## ACTIVITY
Please work out how many lines in the material contain "approx" and give only that figure.

## DATA EXTRACTS
- - -
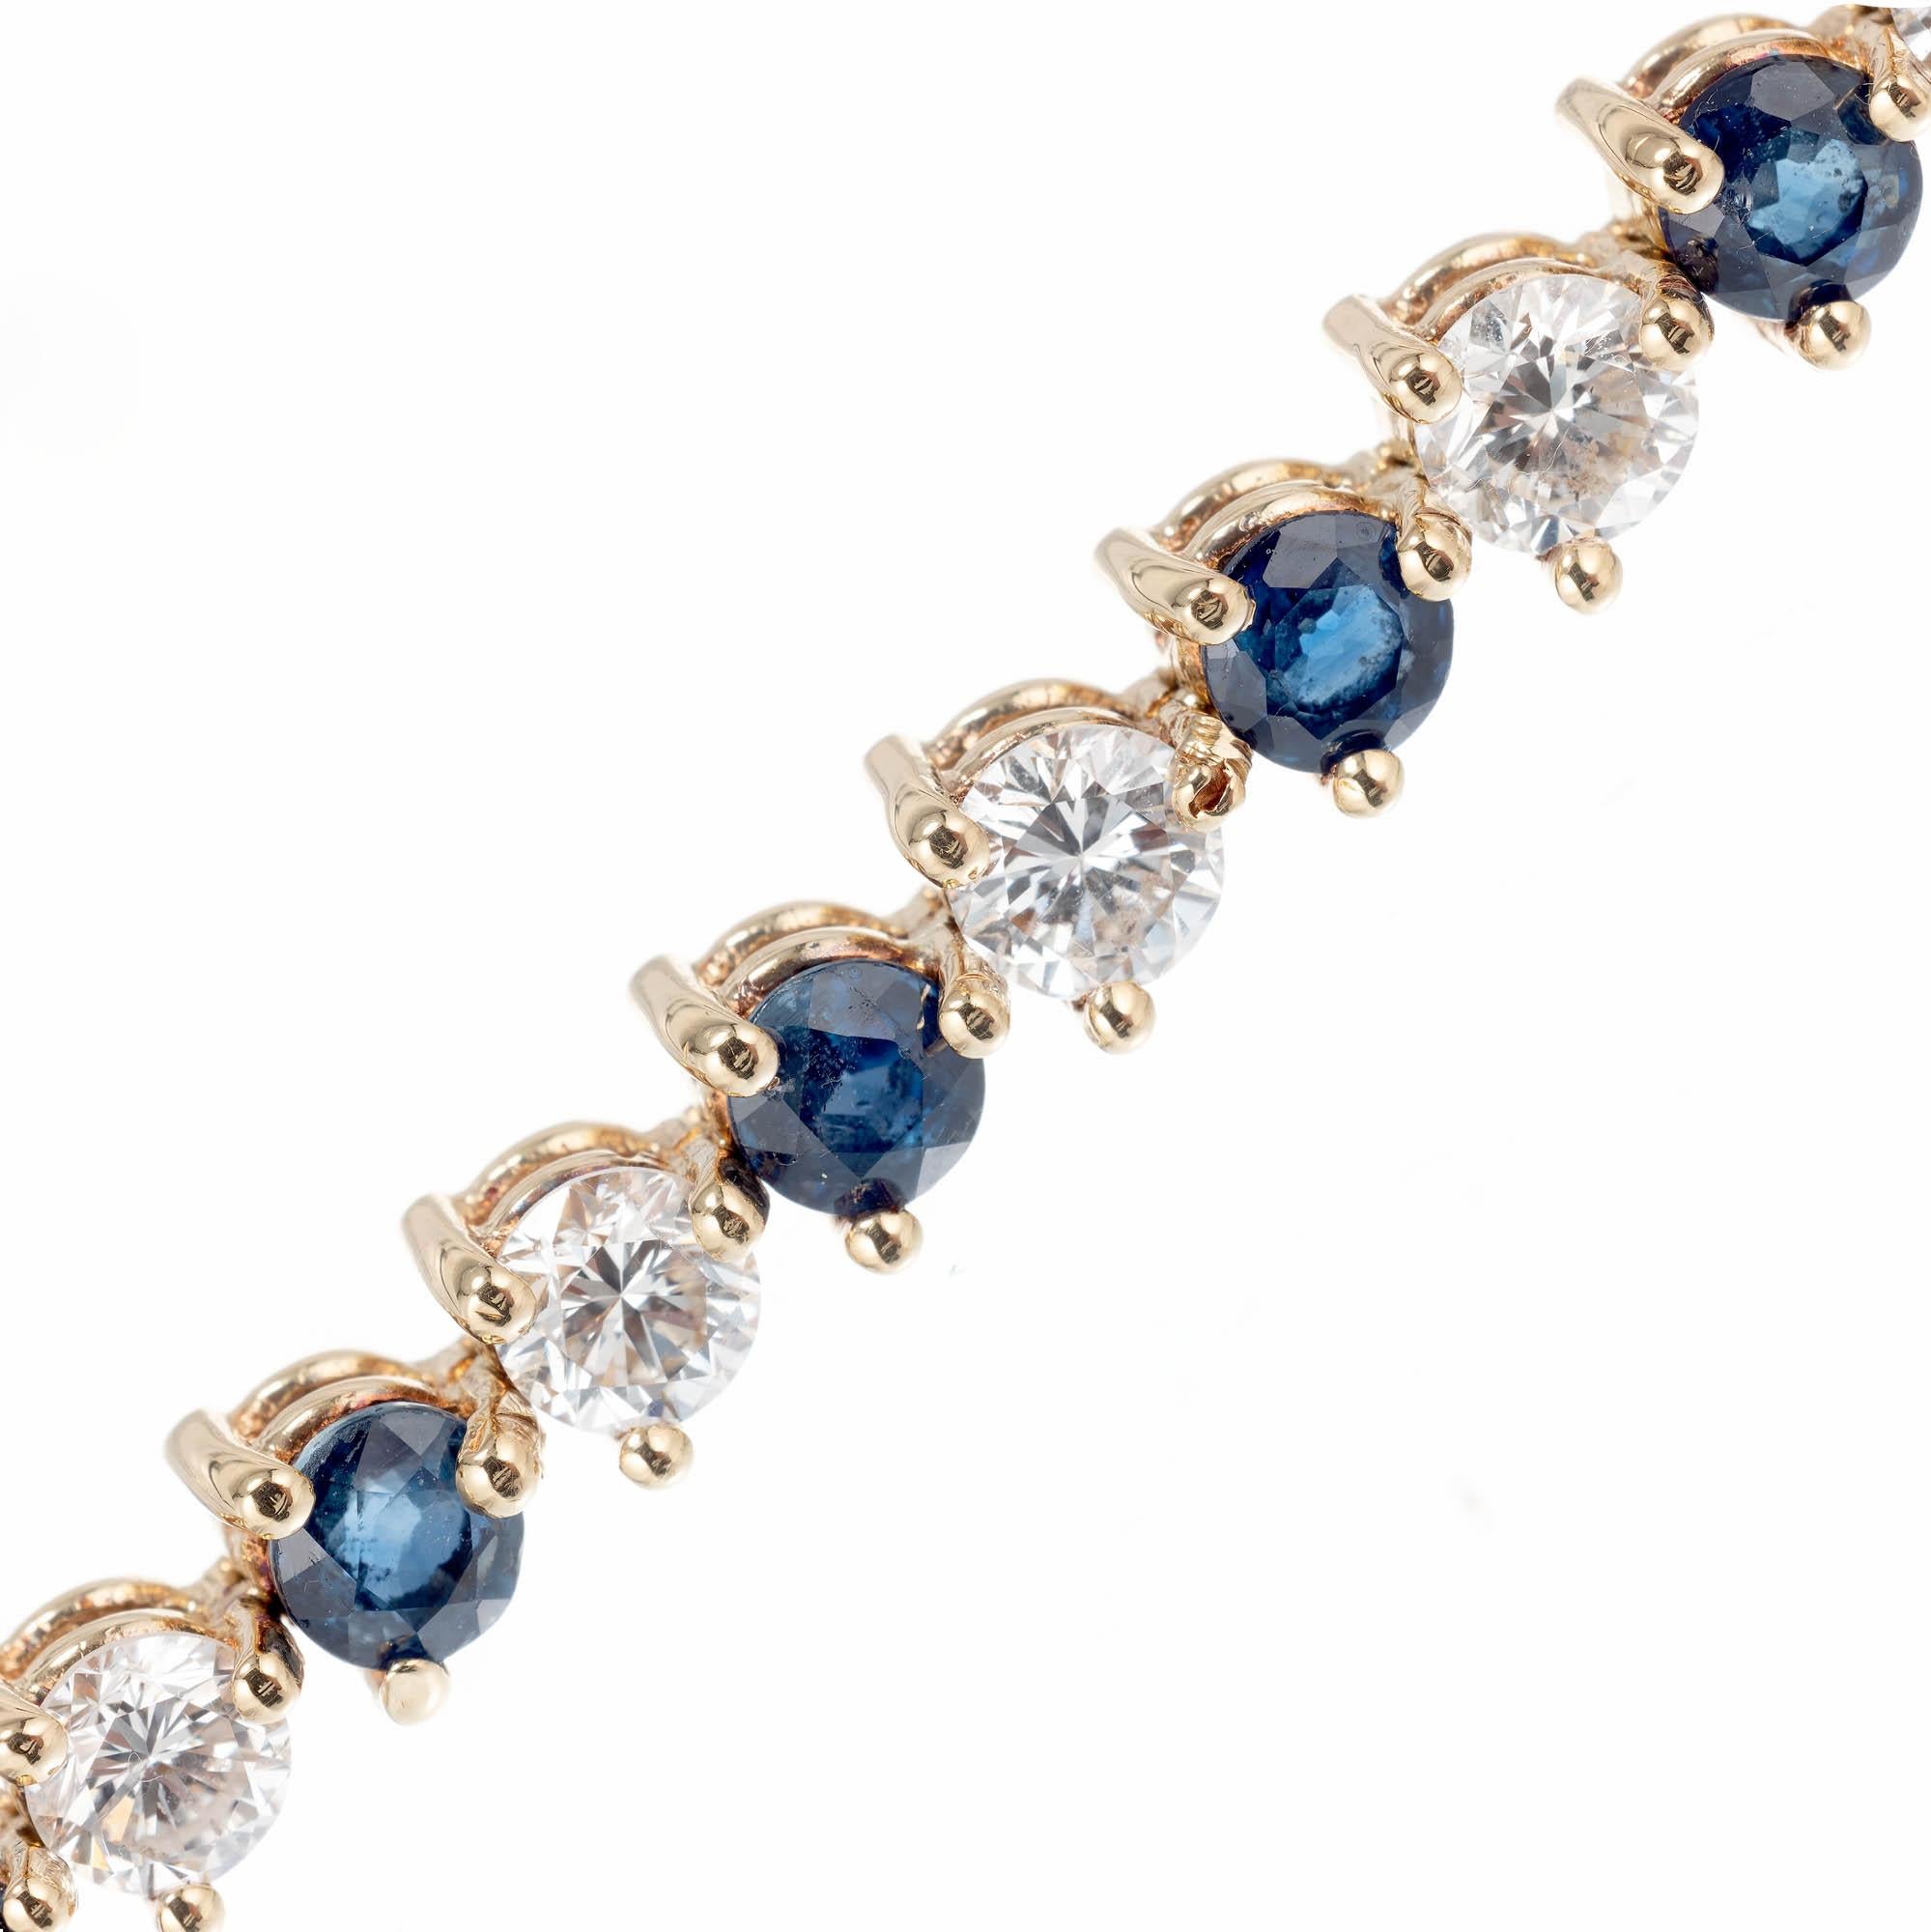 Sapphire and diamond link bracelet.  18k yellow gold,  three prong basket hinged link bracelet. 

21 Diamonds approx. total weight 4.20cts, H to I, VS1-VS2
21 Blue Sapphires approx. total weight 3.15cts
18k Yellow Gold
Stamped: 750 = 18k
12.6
- - -
## OUTPUT FOR THIS TASK
2